We are primarily an infrastructure support company but an opportunity has arisen to get involved in Alfresco ECM (design, implementation and support). We are trying to map out the very high level roles required and I believe it looks something like this:

  1. Architect
  2. BPM
  3. DBA
  4. Middleware / configuration specialist
  5. Product SME (could actually DBA or Middleware person)
  6. ?

The question I have is (a) is it realistic to be able to support Alfresco without having developers in the picture (are the tools available out-of-the-box to allow you to build the front end screens or is it always a requirement to have pure development skills involved to get real value) and (b) are we missing other obvious skill areas (I am deliberately ignoring Project here as that obviously involves a whole other layer of skills).

Thanks,

Eddie

1 REPLY 1

afaust
Legendary Innovator
Legendary Innovator

a) It is not realistic to support Alfresco without having developers in the picture, specifically if you are talking about designing and implementing solutions. There are no flashy UIs to help you build custom frontends, and especially now that Alfresco is focussing on the Application Development Framework (ADF) for custom UIs in the future, any 3rd party tools that may have existed are obsolete. You will need developers familiar with Angular alone for the frontend part, and you may want to have developers familiar with Java / JavaScript for backend logic, like automated rules, behaviours, actions etc.

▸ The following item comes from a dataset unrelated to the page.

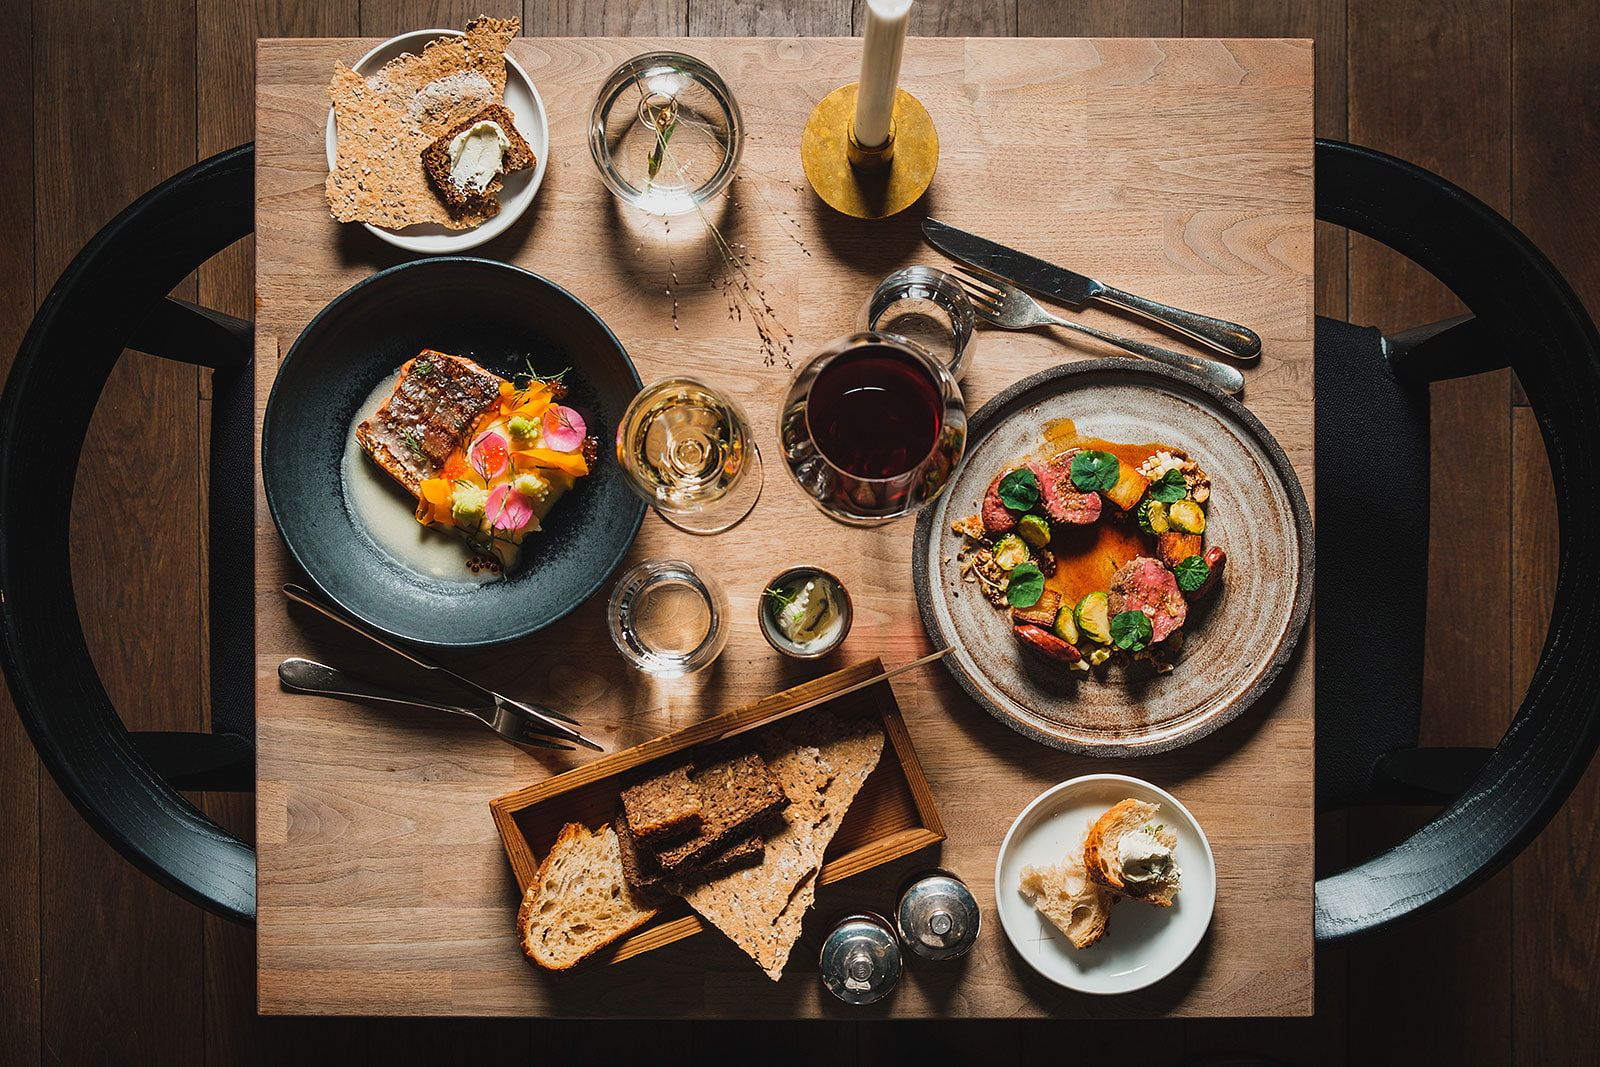 Dining Room & Cocktail Bar At Six – Bästa restaurangerna i city och Norrmalm

The standard UI Alfresco currently has in the form of Share is essentially being EoL'ed, will be partially castrated in the 6.x release and only stick around as long as Alfresco still relies on it for its Records Management / Governance Services solution. It is no longer recommended to base new development on Alfresco Share, so in fact, there is currently no ready-to-use client that could even provide a simple "configure your UI" capability. And Alfresco has stated they are not interested in providing a replacement, ready-to-use client, instead having customers / partners build custom solutions using ADF (and minimalistic example / starter clients like the Alfresco Content Application / ACA or Alfresco Process Workspace / APW).

If you add the "Developer" role to your list, you could either have the separate roles "UI Developer" and "Backend Developer" ("one skillset code monkey" cliché), or a single role "Fullstack Developer" / "Developer" / "Software Engineer"

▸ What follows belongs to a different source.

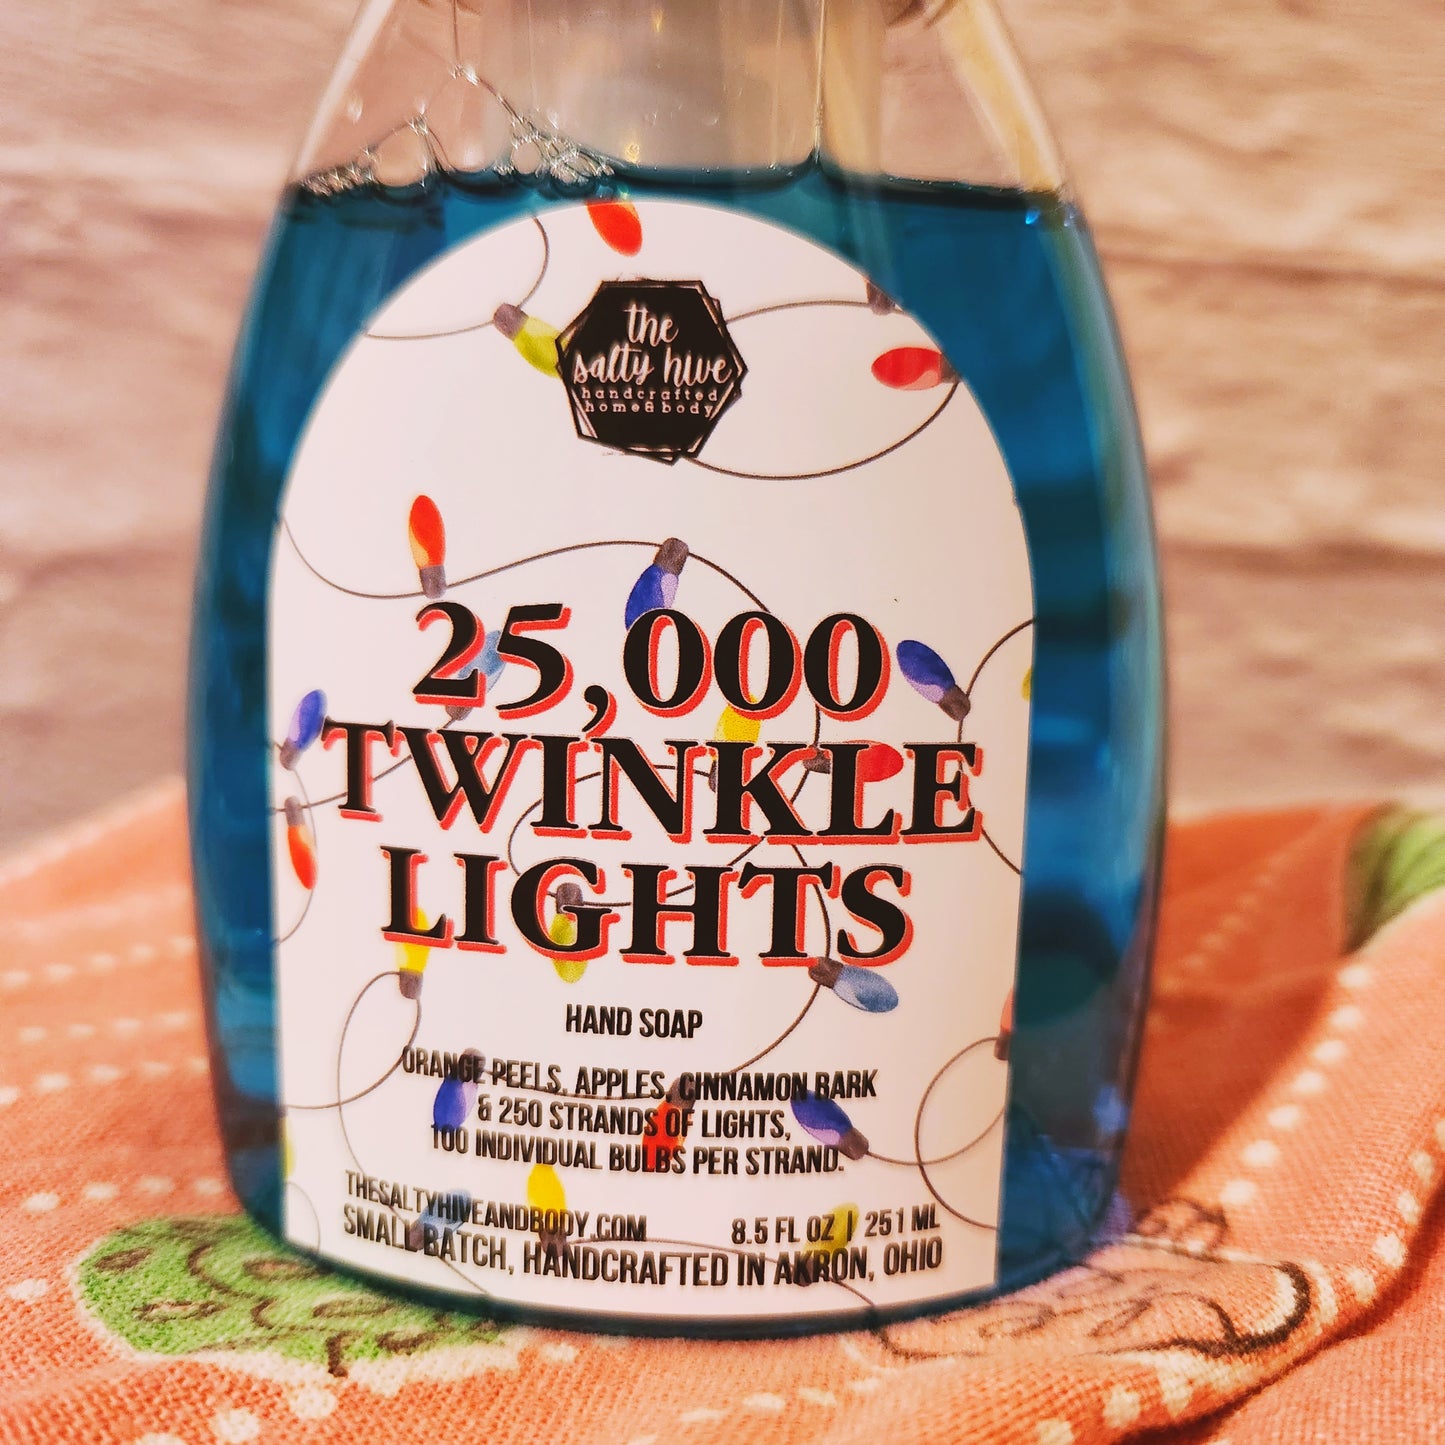 25,000 twinkle lights foaming hand soap

b) When you talk about Alfresco ECM (or Alfresco Content Services / ACS as it is currently being referred to), you could drop the BPM skill part of your list, since BPM is a currently considered to be a separate product (in fact, current workflow capabilities in ACS will very likely be removed in a 6.x release) called Alfresco Process Services / APS.

I don't really understand what you would group in the "Middleware / configuration specialist" category, because I would consider configuration of Alfresco to be part of the "Product SME" section.

Having DBA as a separate role is typically preferable, given how their special (vodoo) knowledge is often extremely tangential / irrelevant for the Alfresco use case - until some lone day in 5 years it actually is helpful in identifying an extremely obscure issue. The Architect / Product SME should have a good foundation level of abstract DB-related skills (including understanding query performance impacts, analysis and optimisations) to be effective within your team without having to tap into specialist knowledge. The DBA's job then should (typically) only be to make sure the DB runs smoothely, completely oblivious to what application uses it...

In most of my Alfresco projects, the team was usually not that large that separate roles could be maintained, so everyone needed to be a bit of everything. Most of the time, the customer insisted on DBA skill being provided by their centralised DB department / team, which - 99% of the time - underperformed and was more of a hindrance then a pool of "specialists".